On this night, after getting the exact same tires put on for nearly $230 less, Steven was angry at the original tire company that he believed had taken advantage of me. Extending the conversation, he was equally impatient that the roofers had not taken better care to clean up the nails and debris from their installation at Perry Road. Yet another item seemed to irritate him that wasn’t done more carefully at Perry Road, too, and he expressed a frustration that some people may have taken advantage of my more vulnerable position.
…Keith had been my protector, running interference and taking care of those things to his satisfaction while allowing me to focus on other things that helped make our lives run smoothly…

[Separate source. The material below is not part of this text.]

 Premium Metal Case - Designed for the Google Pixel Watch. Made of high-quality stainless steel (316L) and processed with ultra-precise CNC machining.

But the reality was that back then… during those six months after Keith’s passing, I did not have the strength to push for details. I just wanted things done. And if it caused too much of a drain on my energy to try and resolve an issue, I backed off. I had learned that life was, indeed, too short to waste one’s energy on arguing. And the reality was also that, as a woman, I was indeed taken advantage of by certain vendors, especially the tire company. It’s a common theme experienced by many women.
Even more than that, though, was the fact that Keith had been my protector, running interference and taking care of those things to his satisfaction while allowing me to focus on other things that helped make our lives run smoothly, things that I was more expert in. He would take care of the car and tires. He would have made sure that the roof, or the drain tile, or the clean-up was done satisfactorily. Steven, though well intentioned in expressing his dissatisfaction over these issues, feeling they were an affront to my wellbeing, had succeeded in reminding me how vulnerable I had been without Keith.

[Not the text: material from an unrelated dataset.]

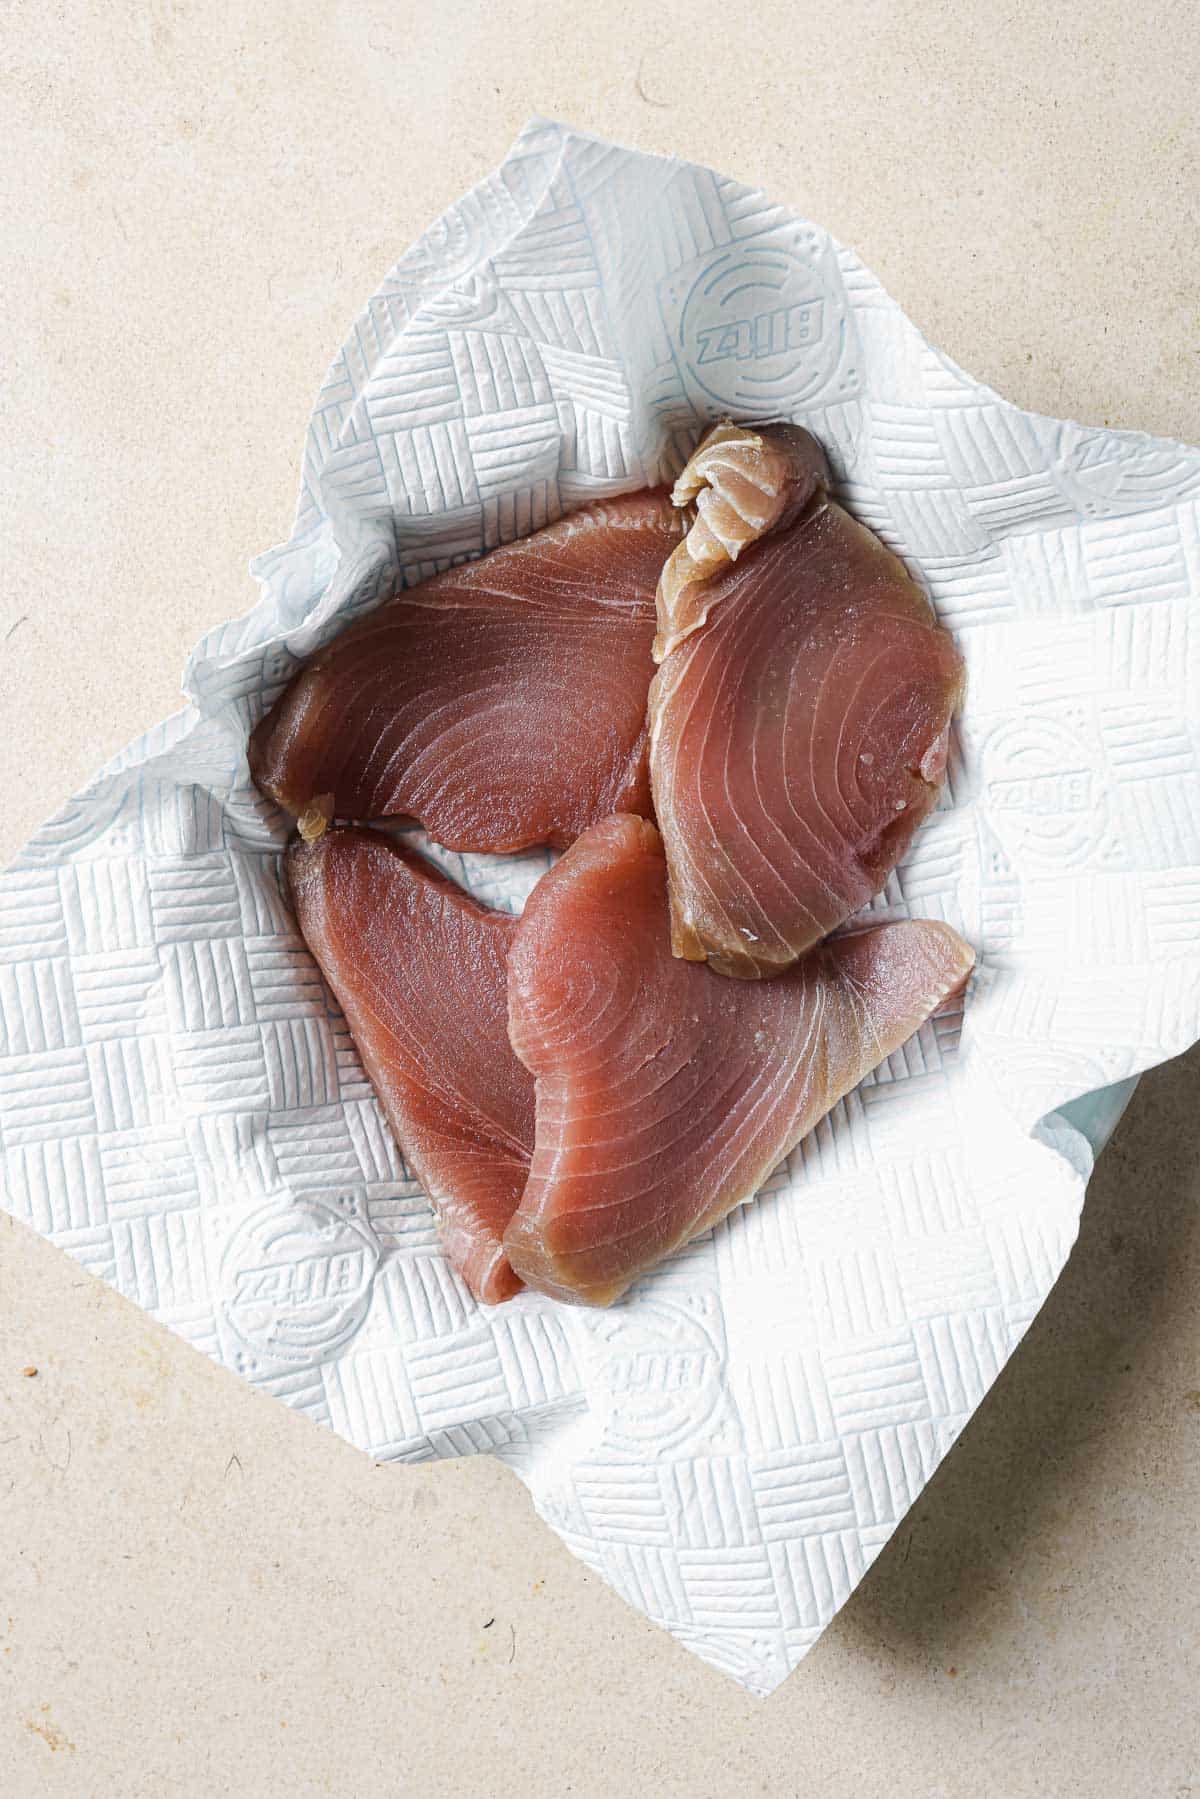 Tuna fillets are patted dry with paper towels.

It reminded me how much Keith had protected and cared for me in these situations… and, yes, how Keith had protected me from at least one unscrupulous “friend.” Steve’s frustration reminded me how far away from Keith that time’s winding road had carried me, only to flip around and hit a moment of painful memories… And then the dam finally broke on the wall of tears that I’d held back for the previous week. A gentle embrace held me while I sobbed until I had no more tears left. And then life went onward and the grief receded to the deep crevasses again.
Life is good. Life is blessed. Next month I should be defending my dissertation, another milestone on the winding road of this ethereal journey of dreams.

Above: My brother is met by a White Heron who hung around on the beach near Sarasota, Florida during our visit in May 2014. I have often thought that the Heron, whether White or Blue, was Keith’s animus.